注目していただきたいのは「渦中の人物と賭けマージャンをする行為」という表現である。朝日新聞は「取材対象と賭けマージャン」を批判しているのではなく、「渦中の人物」としたことを問題にしているのである。そして、それが賭博罪に該当する可能性があることには言及していない。これは処分する者が「俺たちは取材対象とは賭けマージャンをしたが、渦中の人物とは賭けマージャンをしていない」というエクスキューズのように思える。
もし、当該記者を退職に追い込むようなことになれば、その記者は「お前らだって、取材対象と散々やってきただろう。何で俺だけなんだ。渦中の人だろうが、そうでなかろうが、どちらも賭博罪成立じゃないか」とメディアに暴露等しかねないし、解雇すれば解雇無効を求めて訴えを提起してくる可能性がある。
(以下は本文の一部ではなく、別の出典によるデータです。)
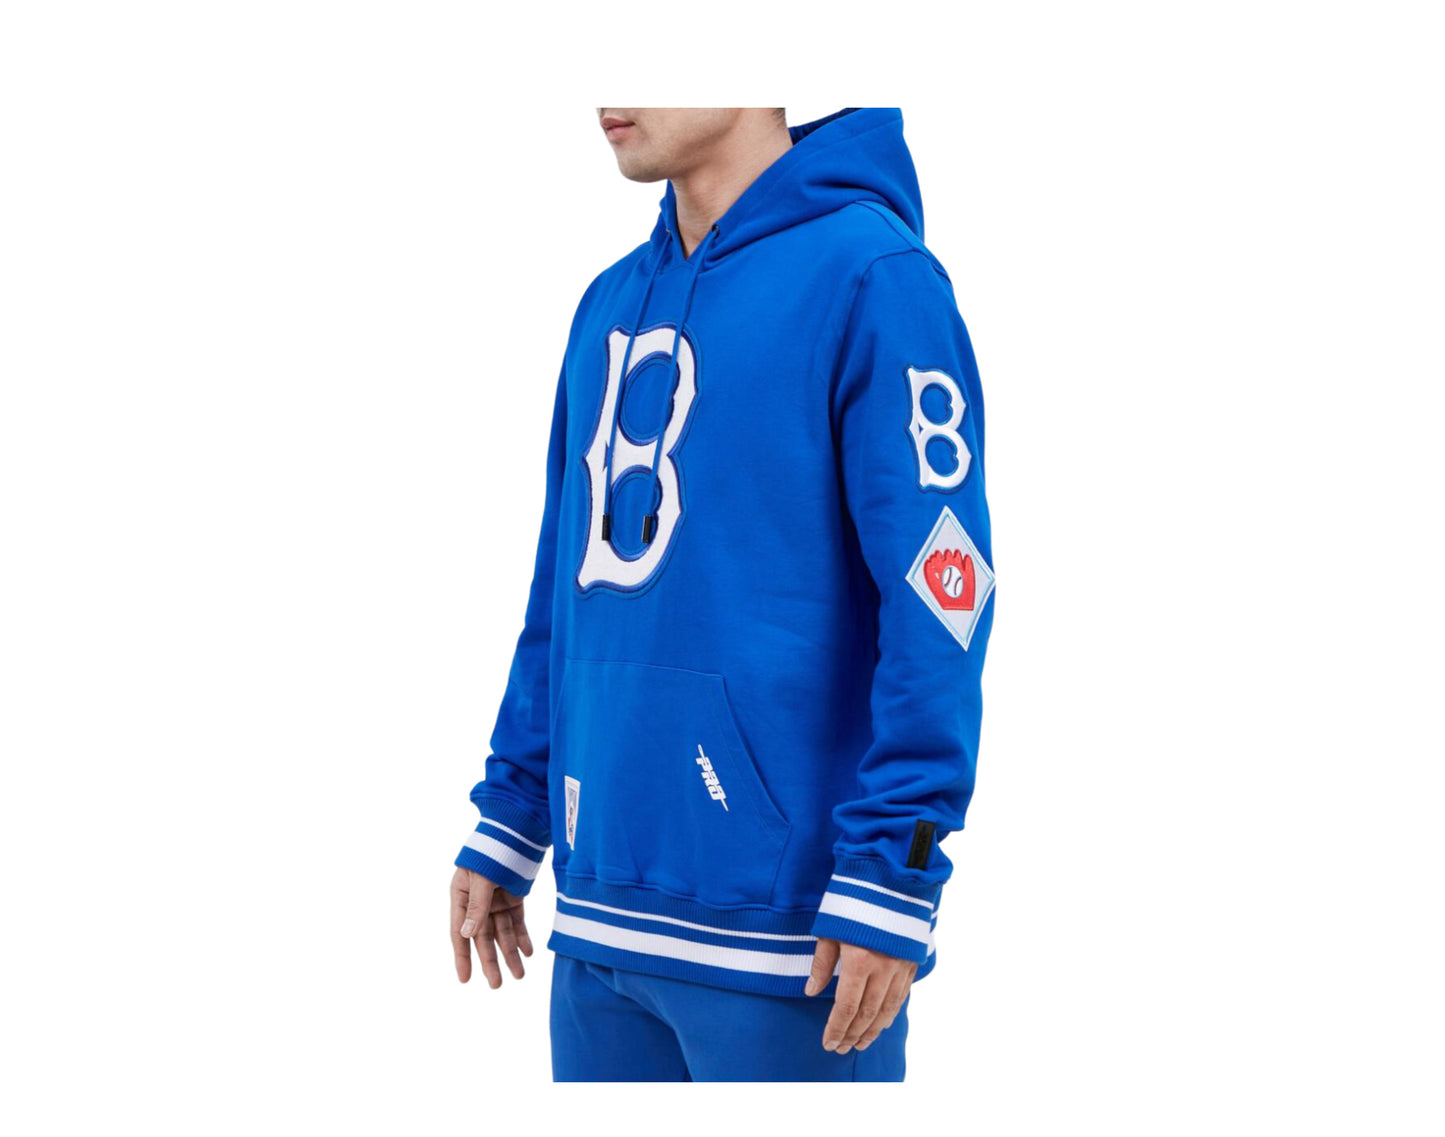 Red MLB Brooklyn Dodgers sports jumper, sweater men's branded

黒川氏の時は賭博罪との絡みを重視しているのは前述の通りだが、自社記者の時は賭博罪との関連は微妙に避けているのがお分かりだろうか。そこを強調すると、過去にやっていた者を処分しないことと整合性が取れなくなってしまう。このような事情から停職1か月という軽い処分にしたのではないか。言葉は悪いが、脛に傷を持つ者が処分をしているから、甘くなるということである。繰り返すが、僕の勝手な想像である。
■朝日のトップに問う「取材対象と賭け麻雀しましたか」
朝日新聞に問いたい。「今、トップにいる人たちは取材対象と賭け麻雀をしていましたか」と。やってないなら「やってない」と言えばいいし、やっていても問題ないと思うなら「取材対象とは賭けマージャンをしても問題はない」と堂々と言えばいい。
その点をうやむやにしたまま当該記者を軽い処分で済ませている点に、多くの国民は違和感を覚えているのだと思う。